Take, for instance, 0xffffffffL.

Suppose int is 32 bits, is 0xffffffffL the same as (long)0xffffffff? In other words, is the type of 0xffffffffL long?

Since the type of 0xffffffff is unsigned int, I think that 0xffffffffL is unsigned long rather than signed long, though I'm not sure.

Does that depend on whether long is 32 or 64 bits?

Answer 1

Quoting from C99 draft standard N1256 (emphasis mine):

6.4.4.1 Integer constants

[...]

Description

An integer constant begins with a digit, but has no period or exponent part. It may have a prefix that specifies its base and a suffix that specifies its type.

[...]

Semantics

The type of an integer constant is the first of the corresponding list in which its value can be represented.

[...]

Suffix             Decimal Constant          Octal or Hexadecimal constant
--------------------------------------------------------------------------
none               int                       int
                   long int                  unsigned int
                   long long int             long int
                                             unsigned long int
                                             long long int
                                             unsigned long long int
--------------------------------------------------------------------------
[...]
--------------------------------------------------------------------------
l or L             long int                  long int
                   long long int             unsigned long int
                                             long long int
                                             unsigned long long int

[...]

If an integer constant cannot be represented by any type in its list, it may have an extended integer type, if the extended integer type can represent its value. If all of the types in the list for the constant are signed, the extended integer type shall be signed. If all of the types in the list for the constant are unsigned, the extended integer type shall be unsigned. If the list contains both signed and unsigned types, the extended integer type may be signed or unsigned. If an integer constant cannot be represented by any type in its list and has no extended integer type, then the integer constant has no type.

Thus, according to the above citation:

• Neither the type or the size of a constant such as 0xffffffffL is uniquely identified by the suffix.

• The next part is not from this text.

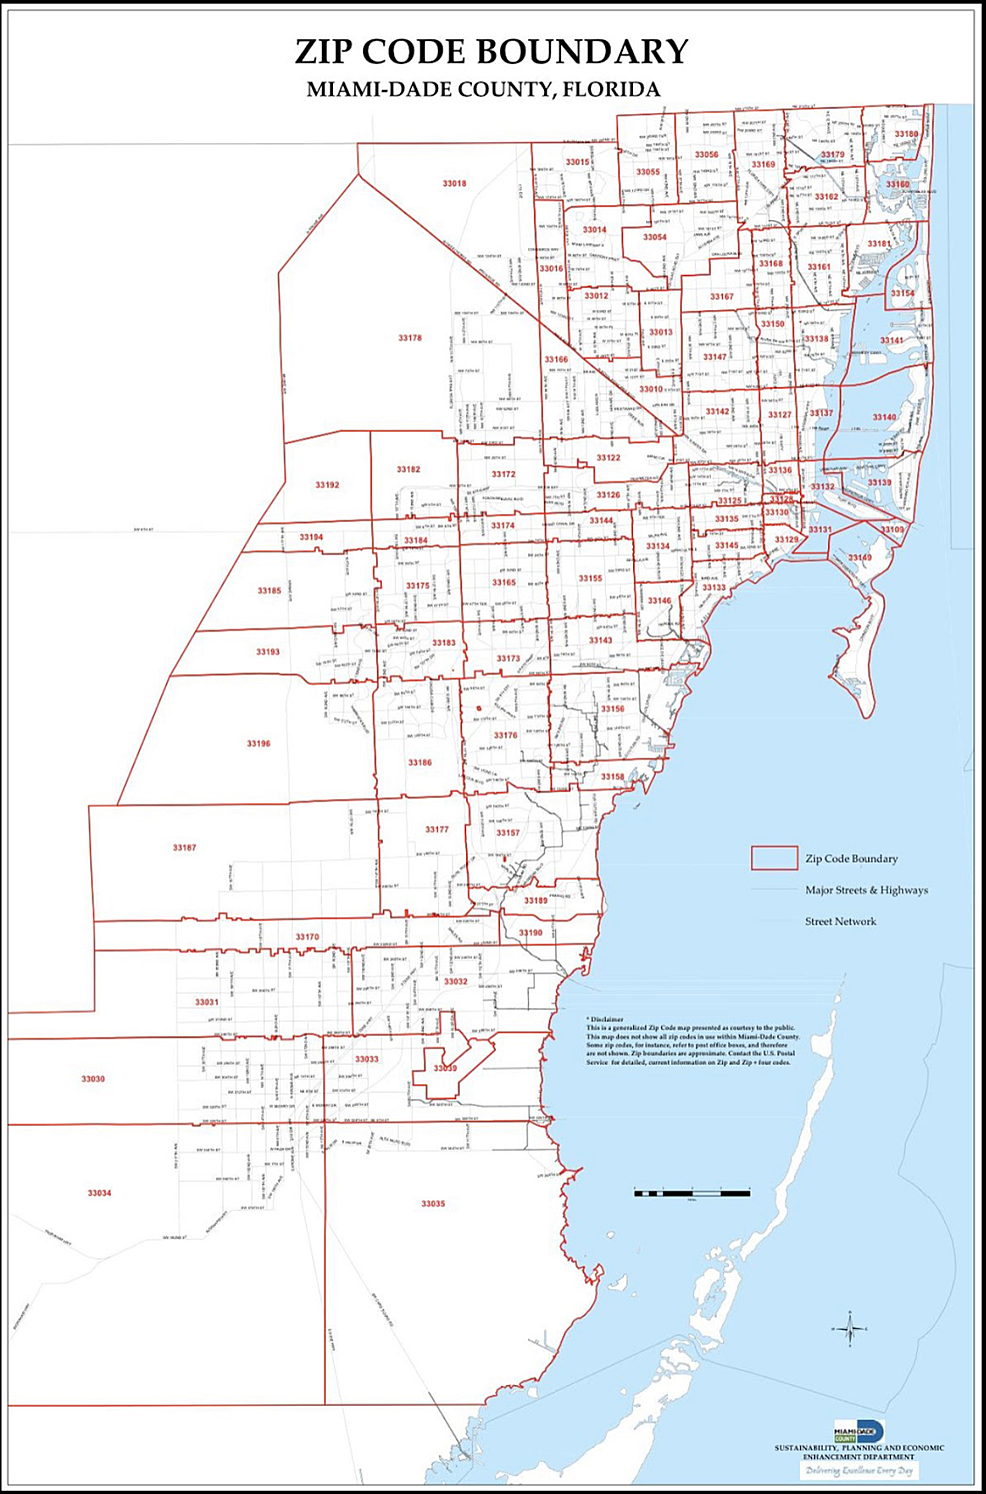 ZIP-Code-Boundary-of-Miami-Dade-County

It depends also on the actual bit width of a long, which is implementation defined (with a minimum of 32 bit).

• 0xffffffff is not guaranteed to be unsigned int. unsigned int has a minimum guaranteed bit width of 16, thus if you are on a platforms where ints are 16 bit, 0xffffffff could well be unsigned long. 0xffffffff can also be an int (as pointed out in a comment), i.e. it is not even guaranteed to be unsigned, if int type can be used to represent it (e.g. platforms where int is 64 bit).

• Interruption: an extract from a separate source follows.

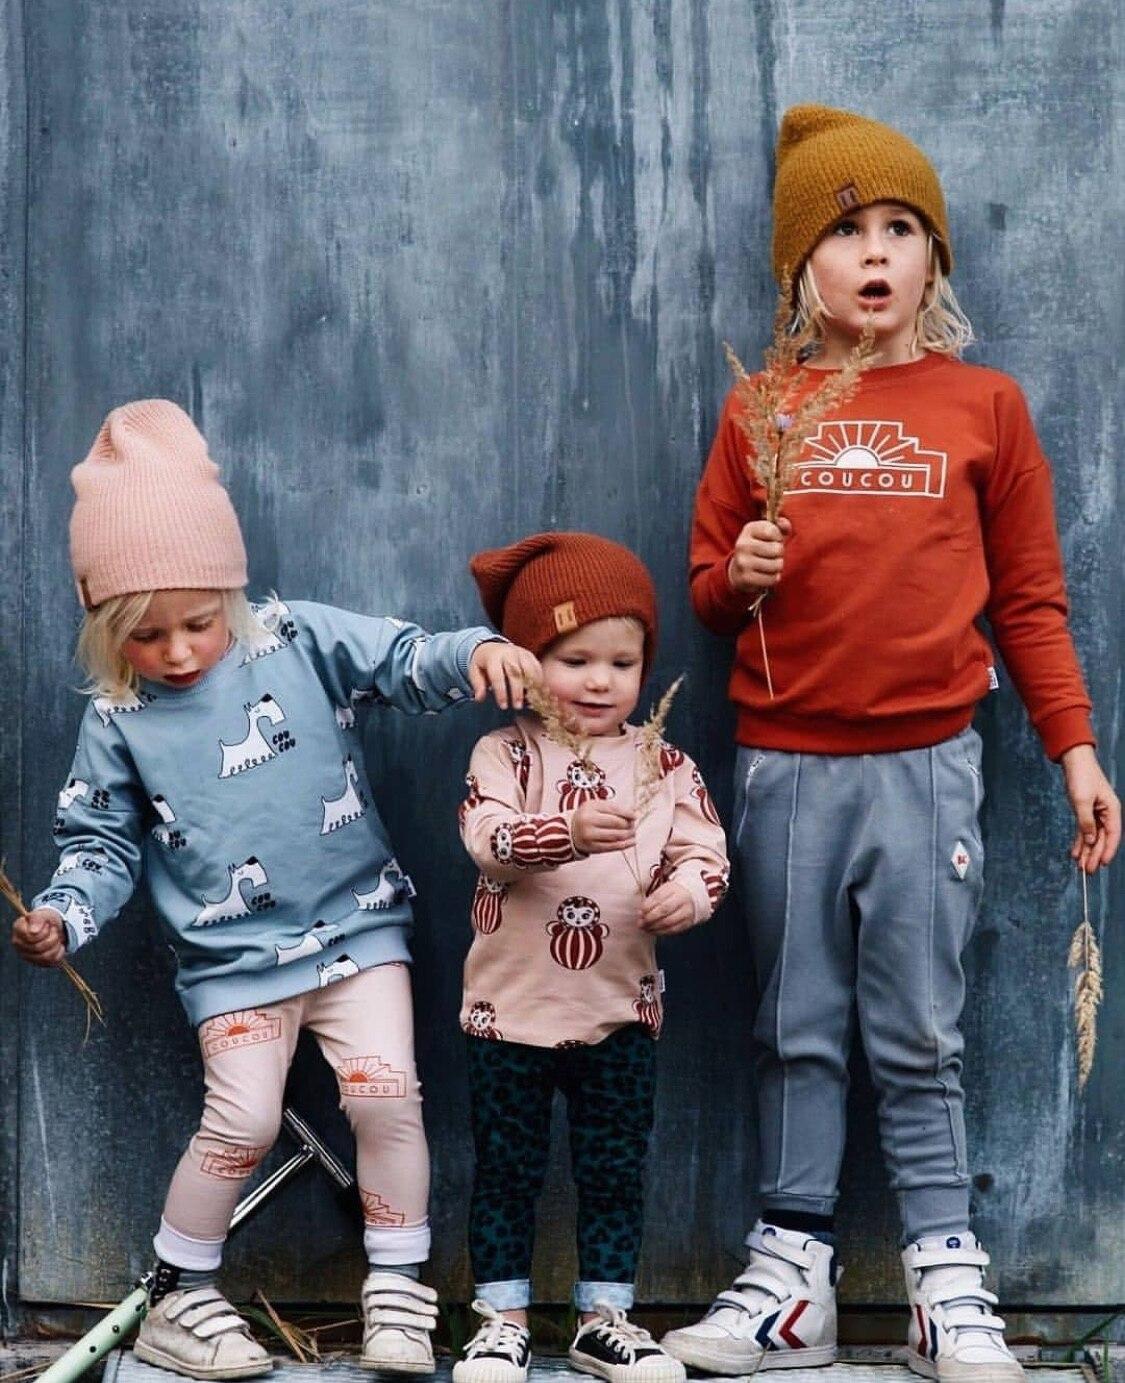 2021 Autumn Kids Long Sleeve T-shirt Sweatshirt Baby Girls Clothes Boys Jackets Coats Cartoon Tops Vacation Toddler Outfit Tops 2

• Adding a parenthesized type in front of an expression is a type casting operation, which forces the conversion of the constant to the type indicated in parentheses. Thus the result of the cast (long)0xffffffff will have type long, but the value depends on a variety of factors, as stated by the standard:

6.3 Conversions

[...]

6.3.1.3 Signed and unsigned integers

When a value with integer type is converted to another integer type other than _Bool, if the value can be represented by the new type, it is unchanged.

Otherwise, if the new type is unsigned, the value is converted by repeatedly adding or subtracting one more than the maximum value that can be represented in the new type until the value is in the range of the new type.

Otherwise, the new type is signed and the value cannot be represented in it; either the result is implementation-defined or an implementation-defined signal is raised.